Introduction to neurospatial: The Basics¶
Learning Objectives¶
By the end of this notebook, you will be able to:
- Understand what spatial discretization is and why it matters for neuroscience
- Create your first environment from position data
- Understand the concepts of bins, bin_size, and active bins
- Perform basic spatial queries:
bin_at(),contains(),neighbors() - Visualize environments using
plot() - Avoid common pitfalls when choosing bin_size
Estimated time: 15-20 minutes
What is Spatial Discretization?¶
In neuroscience experiments, we often track an animal's position continuously through space.

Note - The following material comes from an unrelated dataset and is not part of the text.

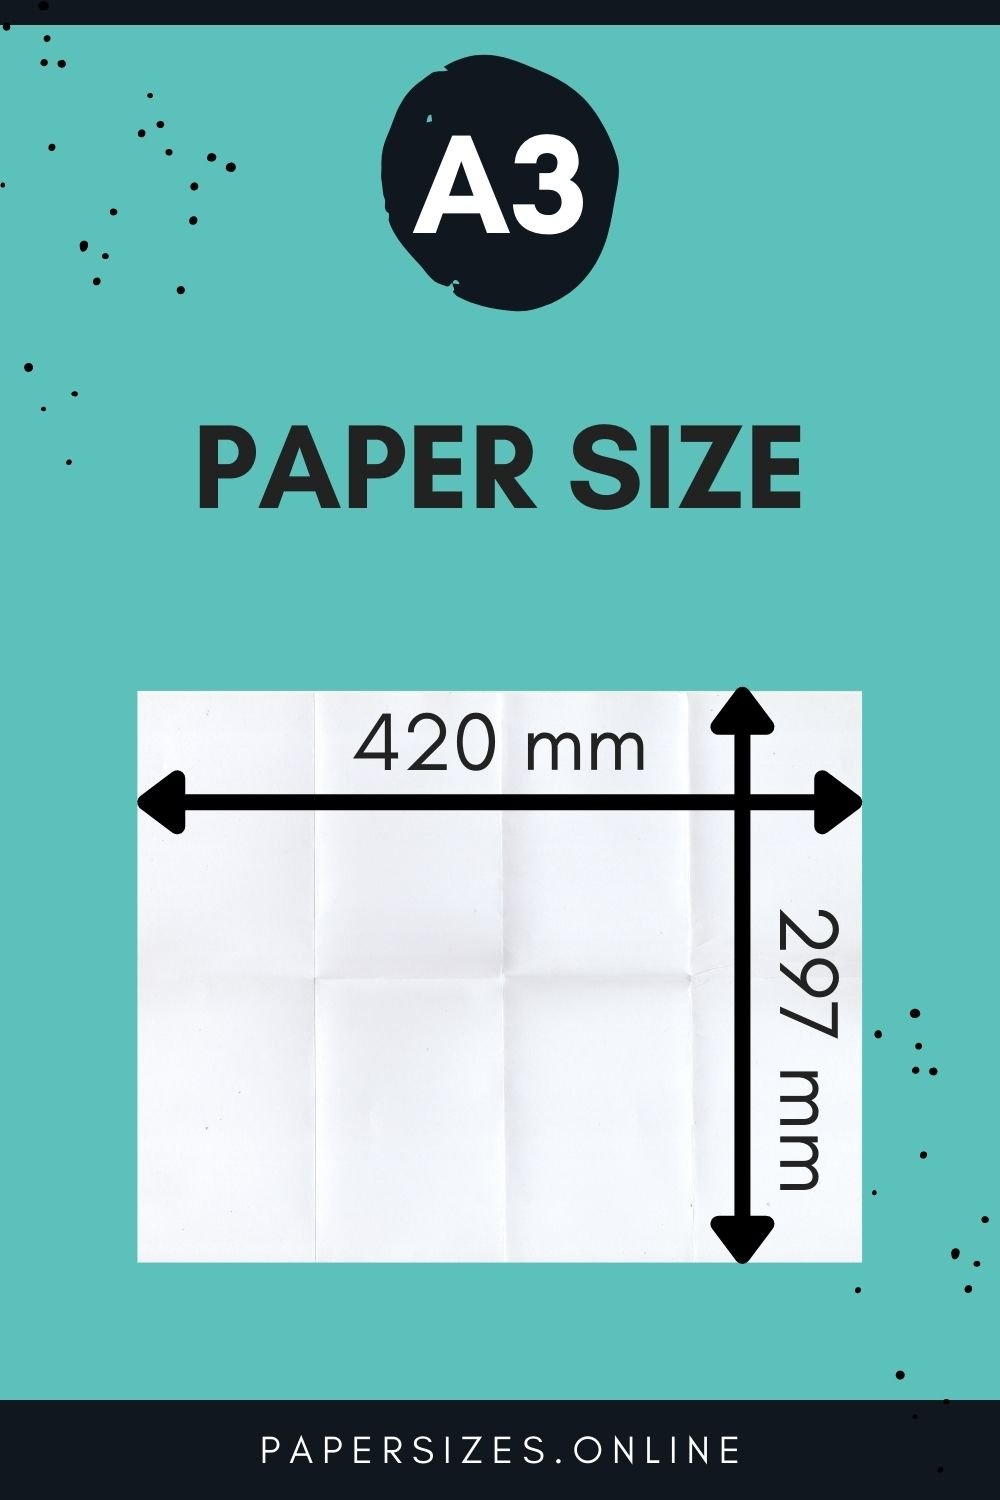 a3-paper-size-and-dimensions-paper-sizes-online

For example:
- A rat exploring an open field
- A mouse running on a linear track
- A human navigating a virtual environment
To analyze neural activity in relation to position, we need to discretize continuous space into distinct bins (also called spatial bins or nodes). Think of it like creating a grid overlay on your environment.
Why discretize?
- Compute spatial firing rate maps (place fields)
- Calculate occupancy-normalized neural activity
- Perform spatial statistics and decoding
- Identify regions of interest
The neurospatial library makes spatial discretization easy and flexible!
Setup¶
First, let's import the necessary libraries:
import matplotlib.pyplot as plt
import numpy as np
from neurospatial import Environment
# Set random seed for reproducibility
np.random.seed(42)
# Configure matplotlib
plt.rcParams["figure.figsize"] = (10, 8)
plt.rcParams["font.size"] = 11
Creating Synthetic Position Data¶
Let's simulate position data from an animal exploring a 100 cm × 100 cm open field. This represents what you might get from a tracking system like Optitrack, DeepLabCut, or similar.
# Simulate an animal's trajectory through a 100x100 cm open field
# We'll create a random walk with some drift to make it realistic
n_timepoints = 5000 # About 5 minutes at 20 Hz sampling
position_2d = np.zeros((n_timepoints, 2))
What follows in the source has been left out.